Mal ganz nett, mal ein Arschloch

Doch natürlich gibt es auch bei "Prince Charming" Querschläger, die bereits zu viele andere ähnlich gelagerte Shows gesehen haben. Vincent zum Beispiel versucht es bei Alex mit einem Smalltalk-Placebo: ein Gespräch über Gespräche. "Ich bin so ein Mensch, der gerne deep talk hat", sagt er. "One to one", weil "Communication is key". Klar ist nach diesem Gespräch nur, dass der Zoll wahrscheinlich schon bereitsteht, um sich diesen nicht angemeldeten Anglizismen-Amoklauf teuer bezahlen zu lassen. Seltsamerweise fliegt nicht er am Ende der Folge raus, sondern Bernhard und Patrick.

Benedetto derweil verwechselt "Prince Charming" offenbar mit "Germany’s Next Topmodel" und arbeitet hart am Zickenstatus in dieser Staffel. "Ich bin jetzt ganz freundlich, aber ich kann zum richtigen Arschloch werden", kündigt er Andrea an. Um es direkt einzulösen: "Wo ich Bock habe, dich abzustechen." Als wäre das nicht genug, rundet er die eigenen Worte mit den passenden Serienkiller-Handbewegungen ab. Der verschreckte Italiener erzählt das selbstverständlich sofort weiter. Zeit für die obligatorische Szene wegen dieses Vertrauensbruchs (das Petzen, nicht der Mordwunsch selbstverständlich): "Du nennst mich Amore, ich zeig dir den Mittelfinger, Amore!", beschwert sich Benedetto empört. Und da sind sie wieder, die Tränen auf Knopfdruck. "Oh Leute, wirklich, das ist so anstrengend", fügt er hinzu. Und meint eigentlich hauptsächlich sich selbst.
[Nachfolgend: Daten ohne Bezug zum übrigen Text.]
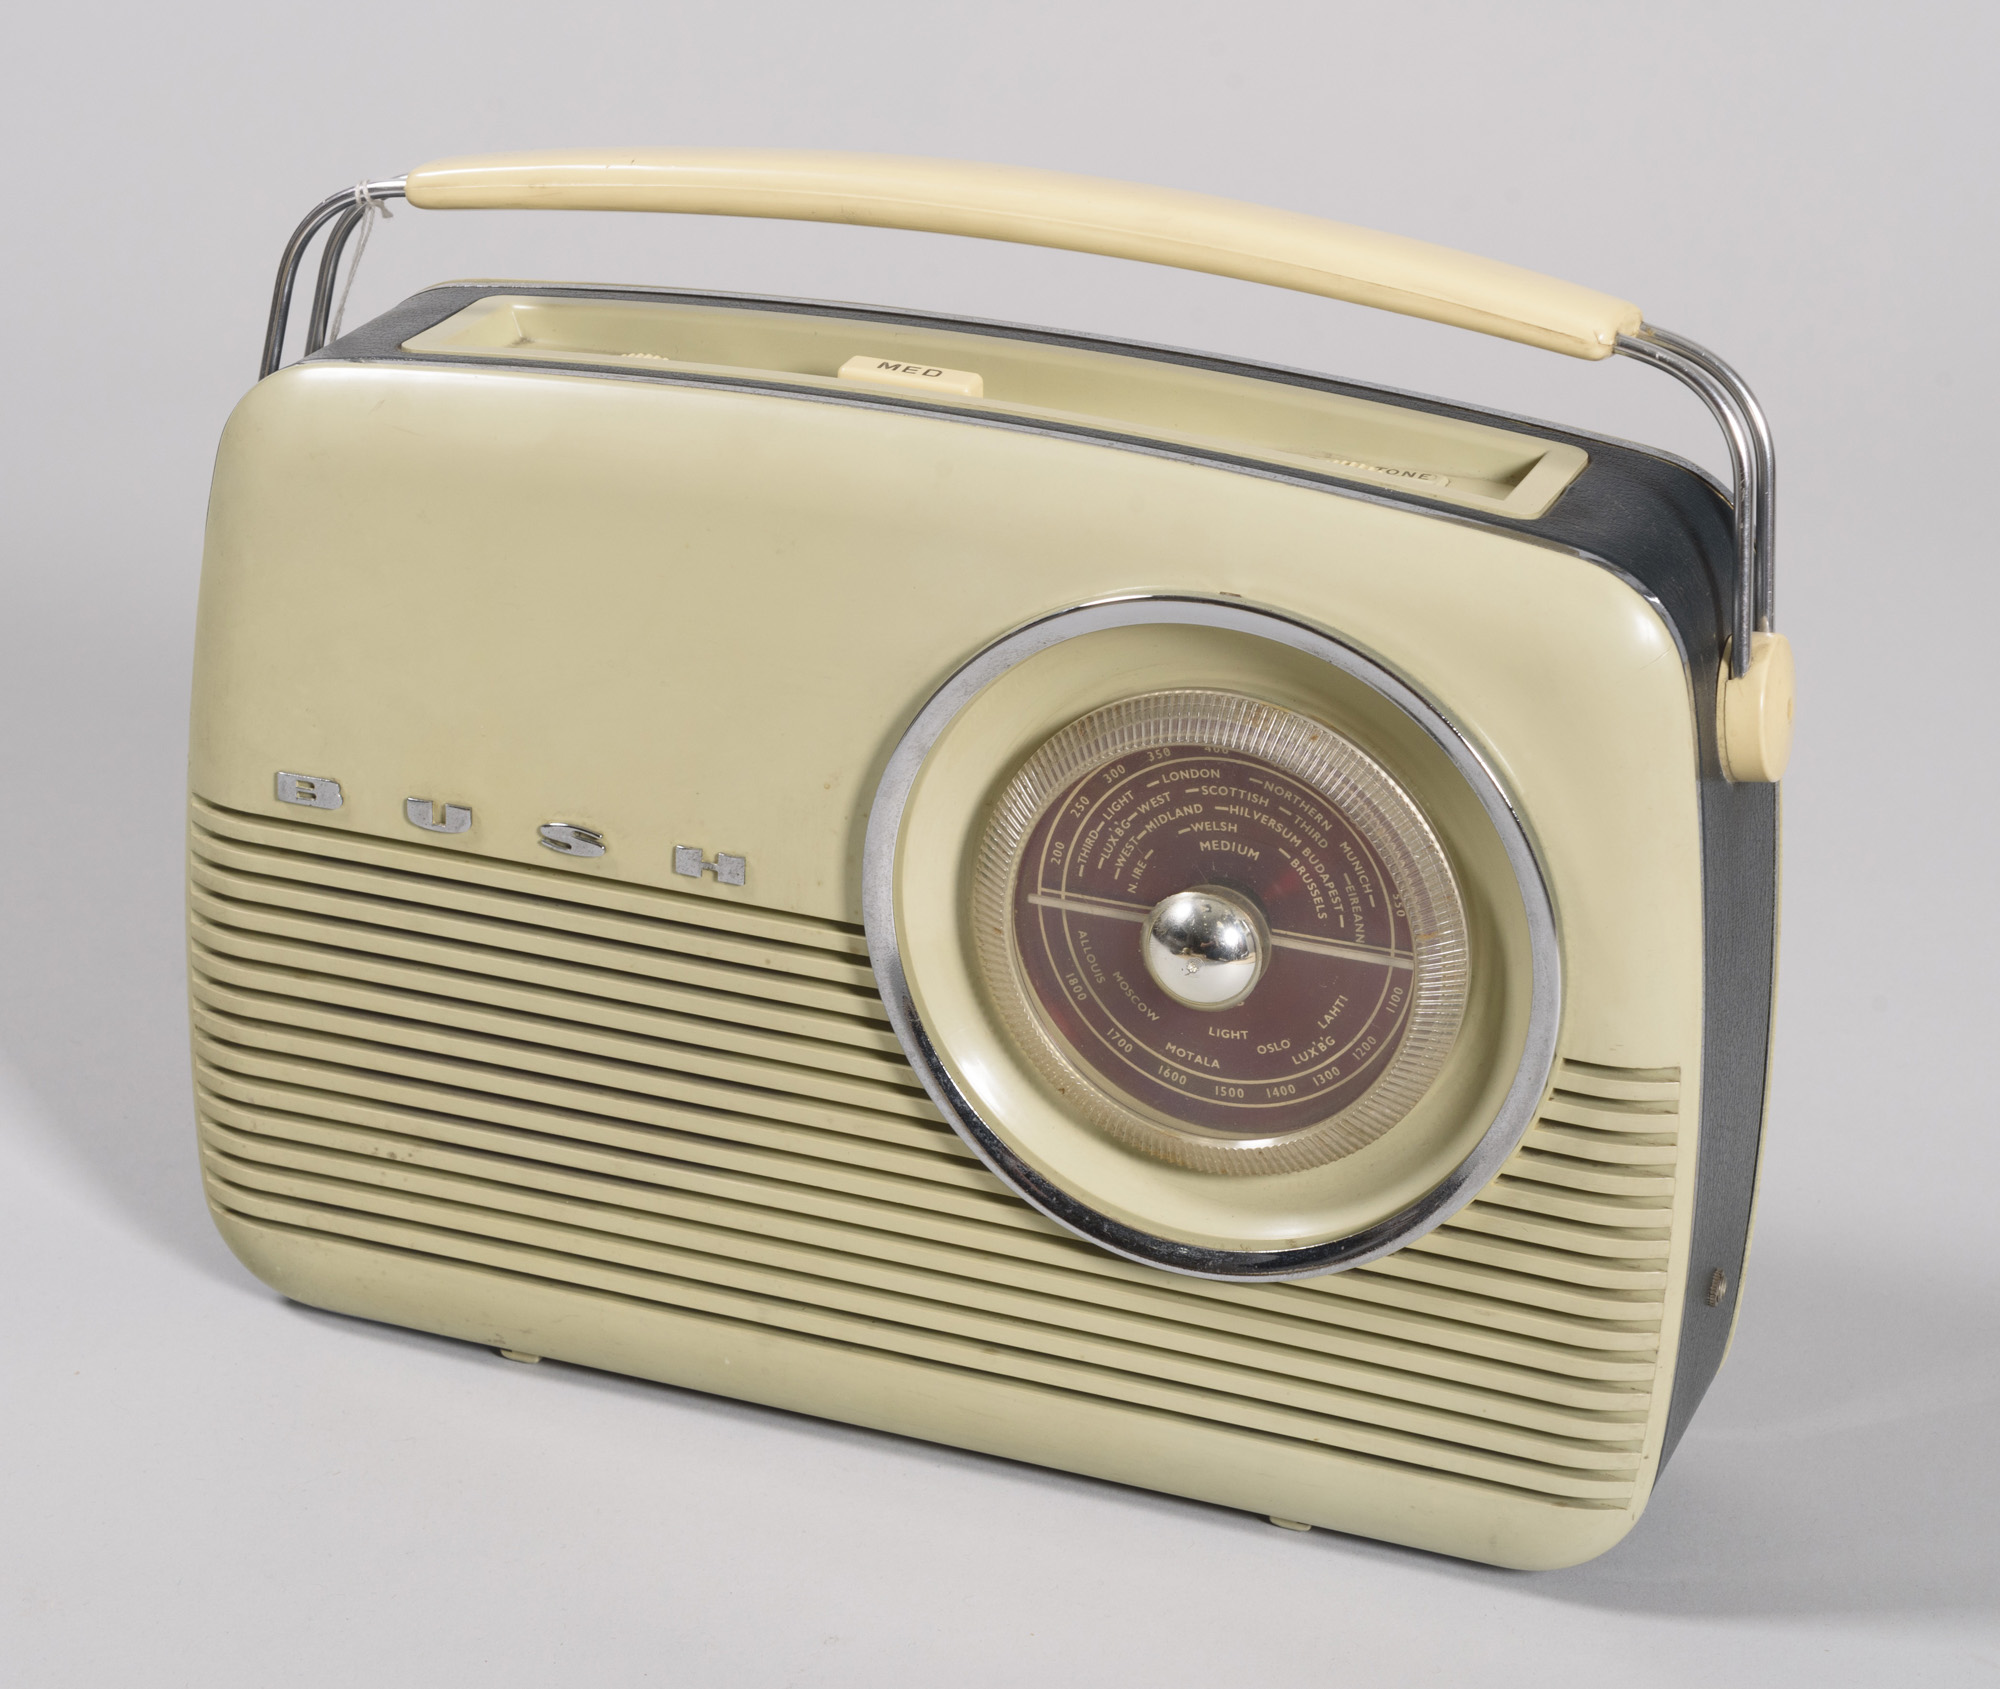 RADIO PORTATIL BUSH. INGLATERRA, AÑOS 50

"Wenn du attention willst, sag es doch"

Zurück zu den Kandidaten von "Prince Charming", die Spass machen. Gino zum Beispiel verwechselt im Überschwang der Gefühle Gehweg mit Pool und knallt samt Champagnerglas gleichzeitig ins Wasser und auf die Kante des Beckens. Ergebnis: Platzwunde an der Hand. In der Welt der "Bachelorette" würde darum ein echtes Drama inszeniert, in den letzten beiden Folgen der aktuellen Staffel fiel erst ein Teilnehmer in Ohnmacht, ein anderer brach sich die Ferse. So viel schlecht simuliertes Mitgefühl kann Gino in "Prince Charming" nicht erwarten. "Wenn du attention willst, sag es doch", machen sich die anderen über ihn lustig. Selbst "Prince Charming" Alex gesteht: "Ich hoffe es geht ihm gut, aber es war lustig." Was definitiv mehr ist, als sich über jede Folge der "Bachelorette" sagen liesse.